The problem, he argues, is that the city’s priorities are screwed up. It is a problem that is by no means unique to the District. But DC still finds a way to stand out:
What made my reacquaintance with rodents much more difficult to accept was that it came during the very month that the city was congratulating itself for a gleaming new expenditure of local taxpayers’ money—a $611 million stadium to house the Washington Nationals baseball team. Actually, that figure is much too low: Eminent domain settlements with in-the-way property owners added $43 million to the cost, and a handful of outstanding cases could tack on $24 million more. There were also $32 million in municipal infrastructure improvements. So how much is $710 million in the scheme of D.C.? More than 12 percent of the city’s annual local budget. (It receives an additional $4 billion or so from the federal government.) It’s almost as much as the $773 million that Mayor Adrian Fenty is proposing this year to spend on the District’s notoriously awful public schools. Less than 10 days before Nationals Stadium first flung open its doors, Fenty announced various remedies for a $96 million budget shortfall: postponing a tax cut on commercial property, doubling the cost of a business license, increasing ambulance fees, charging an extra 23 cents for every phone line that can call 911.

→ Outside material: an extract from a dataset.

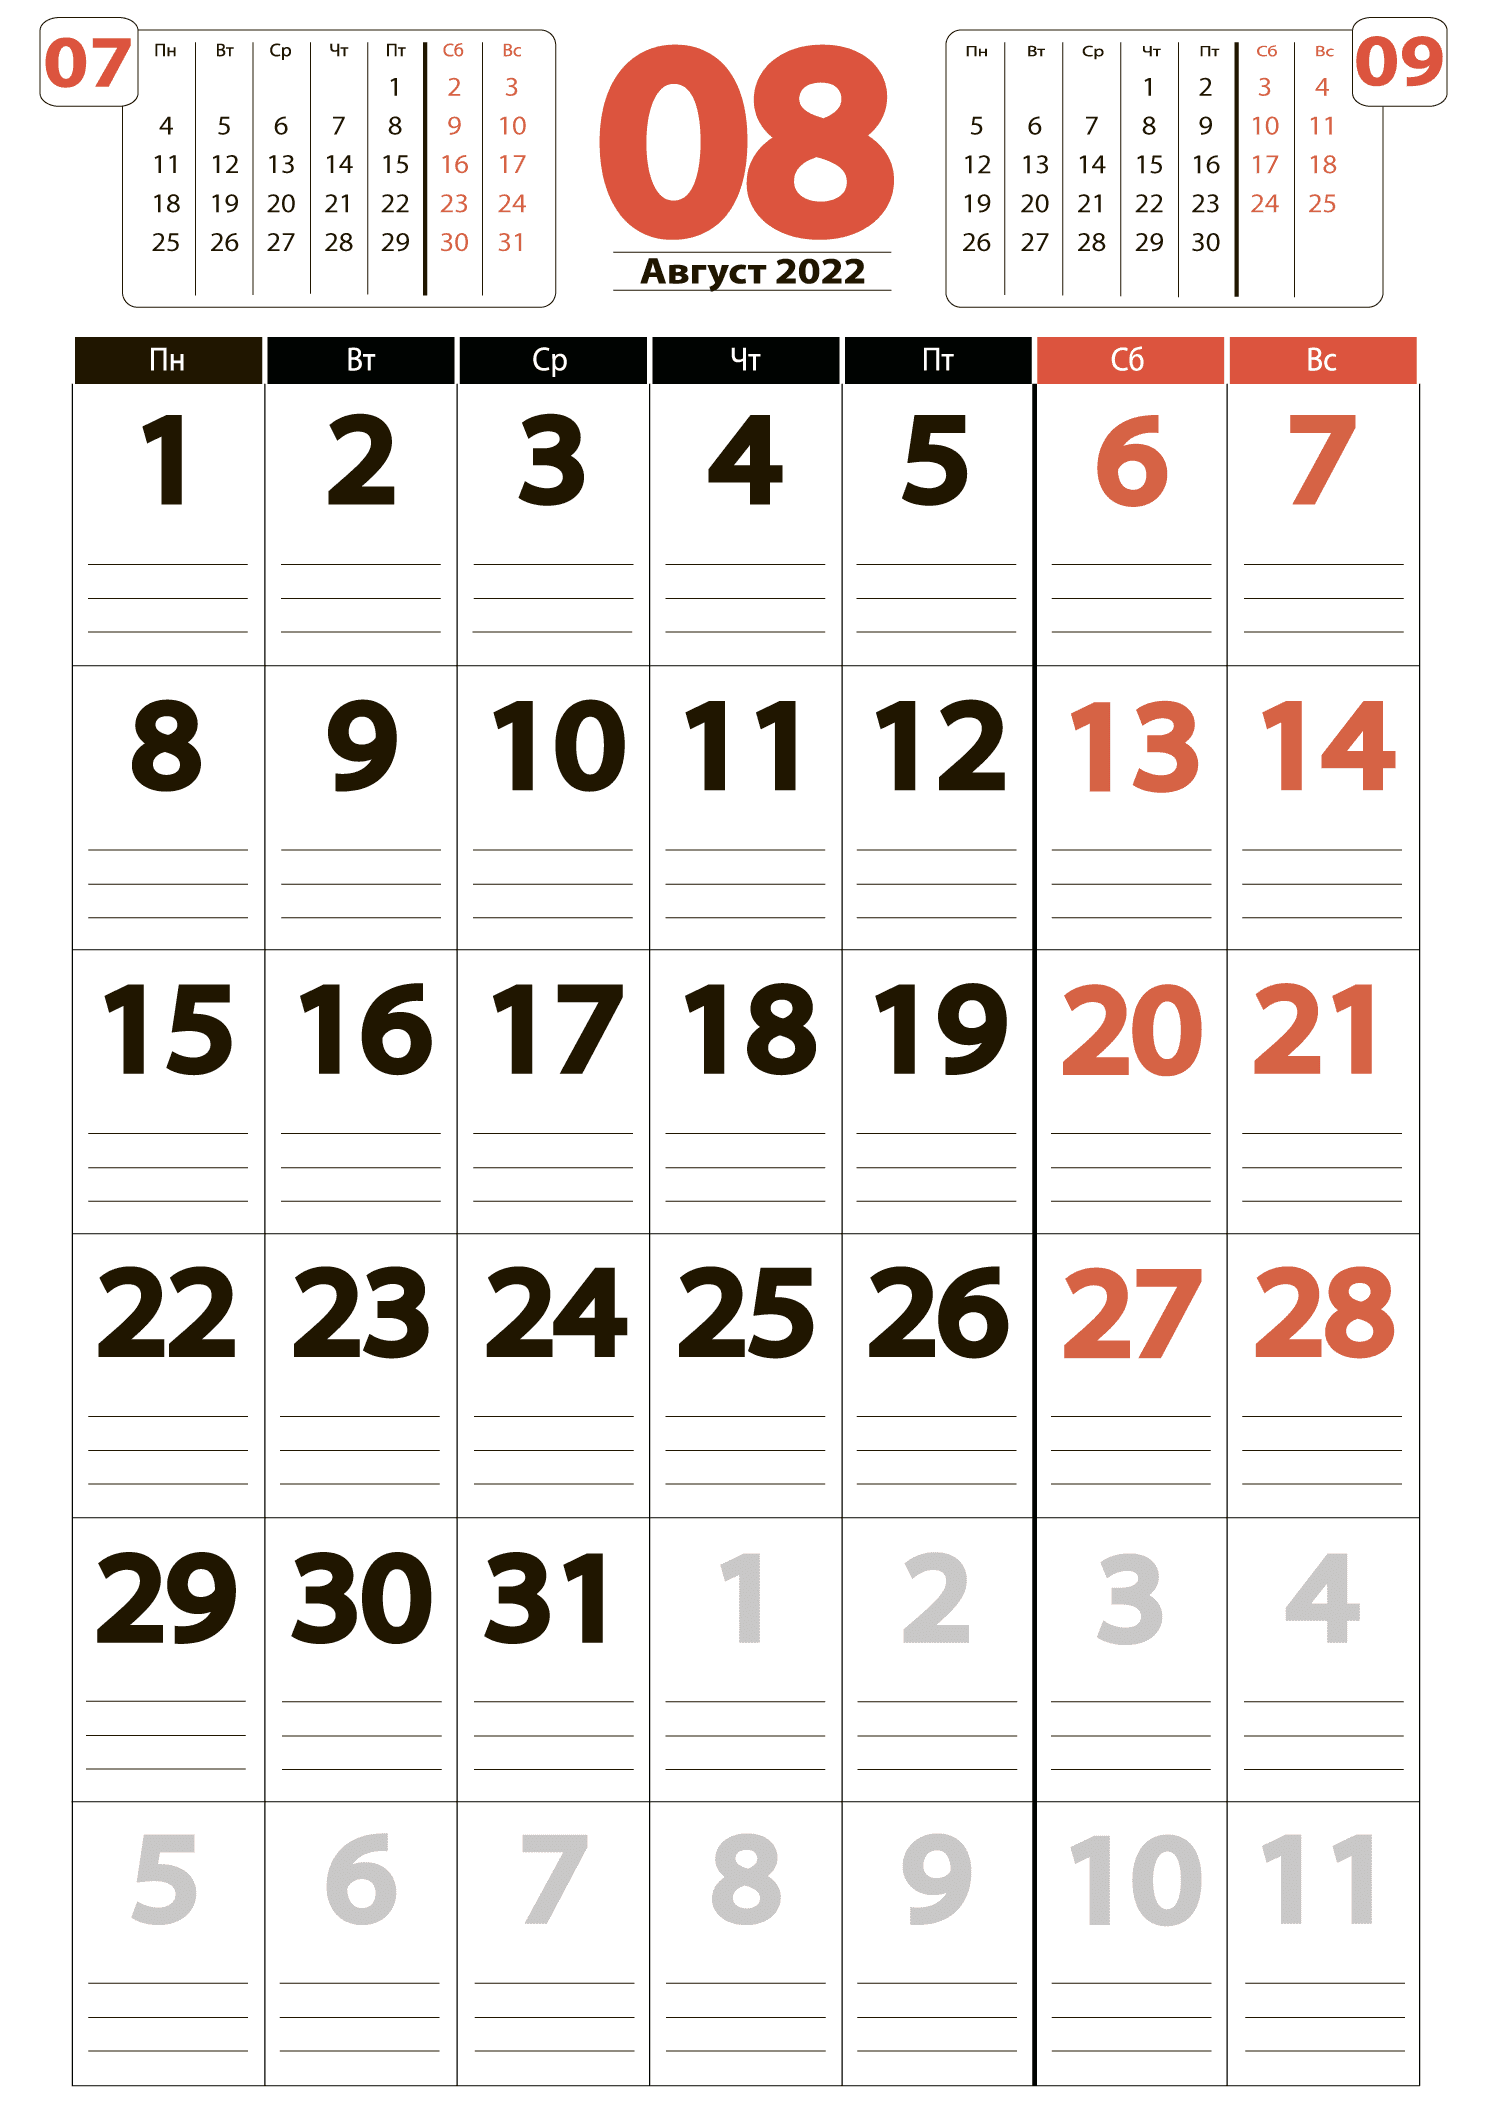 Печать крупного календаря на август 2022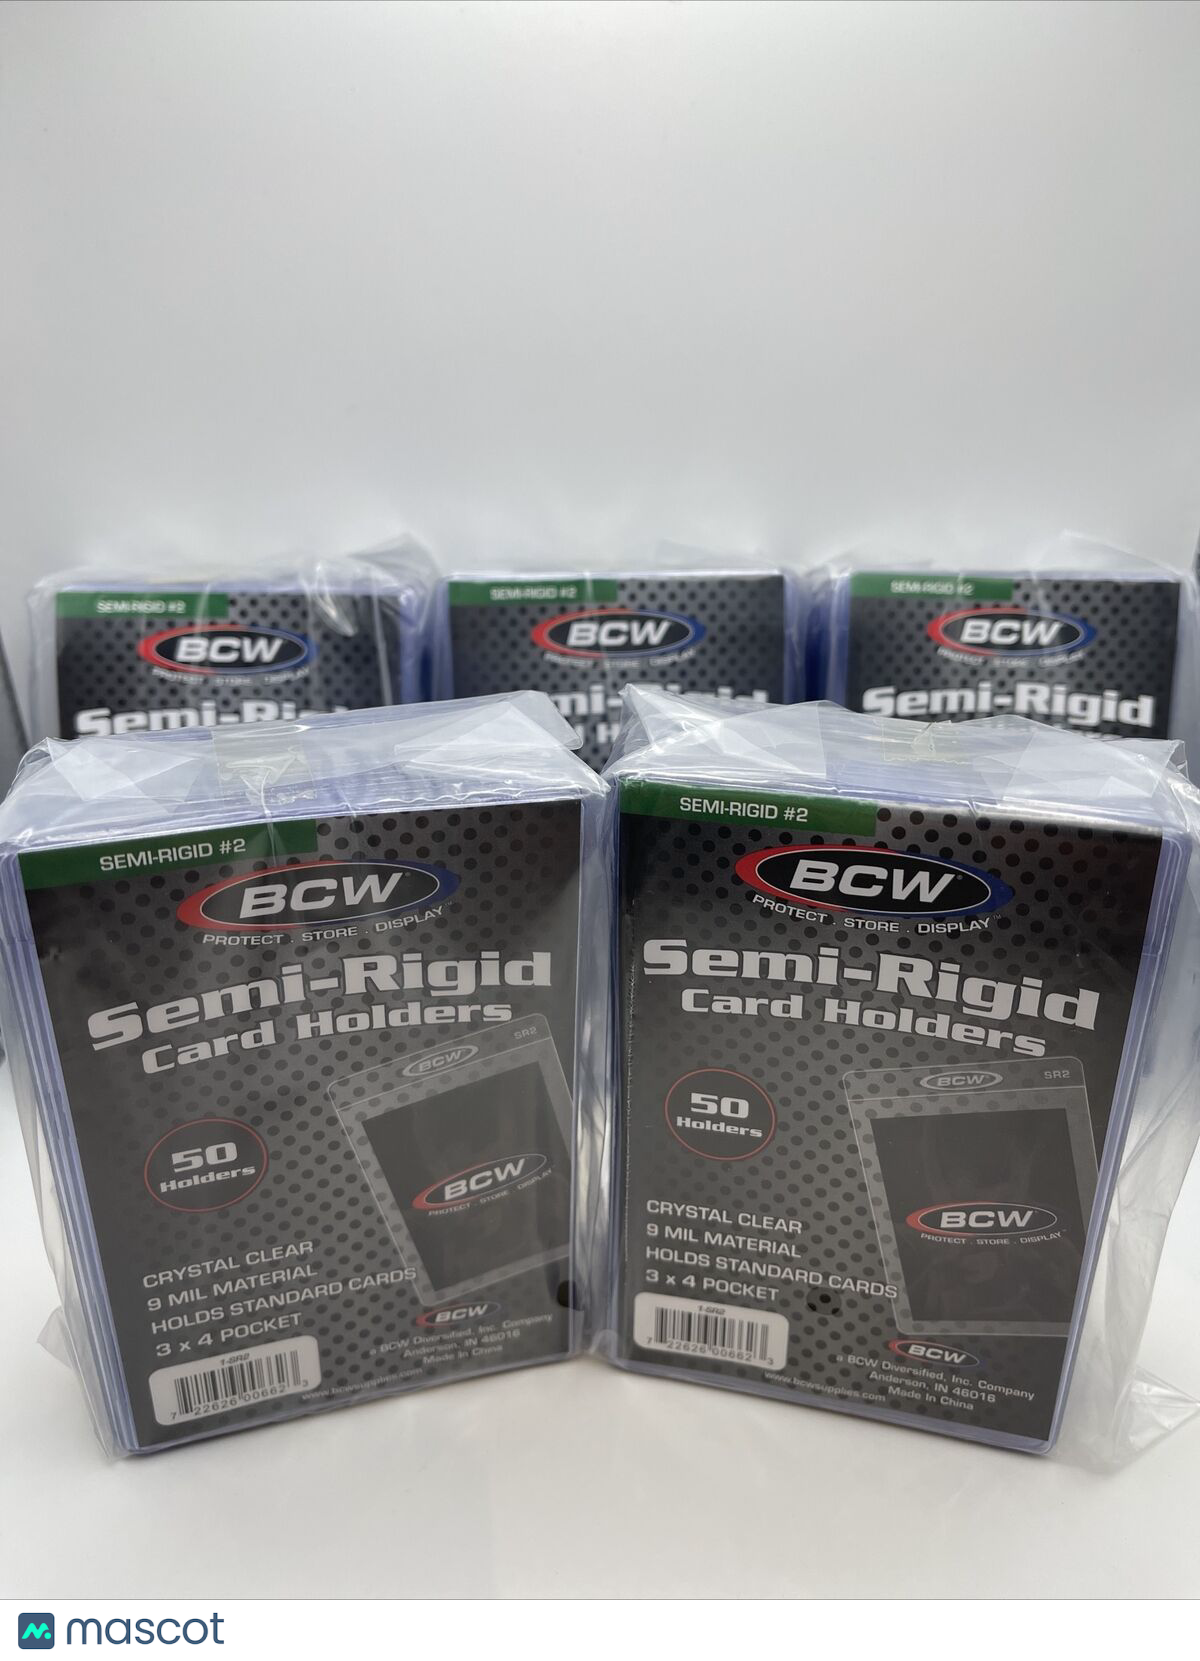 BCW Semi-Rigid Card Holders #2 5 Packs of 50 Sleeves, 250 Total

All true, sadly enough. On the other hand, I went there Monday to watch the Nationals-Brewers game. It was my first trip ever to the new stadium and I gotta say, that place is sweet.
Matt, I suggest that you do what I do and what a majority of the people who work in DC do: move to the suburbs of Virginia or Maryland and commute in. It’s a small city so it is easy to do. Isn’t that the Libertarian thing away? To vote with your feet, I mean?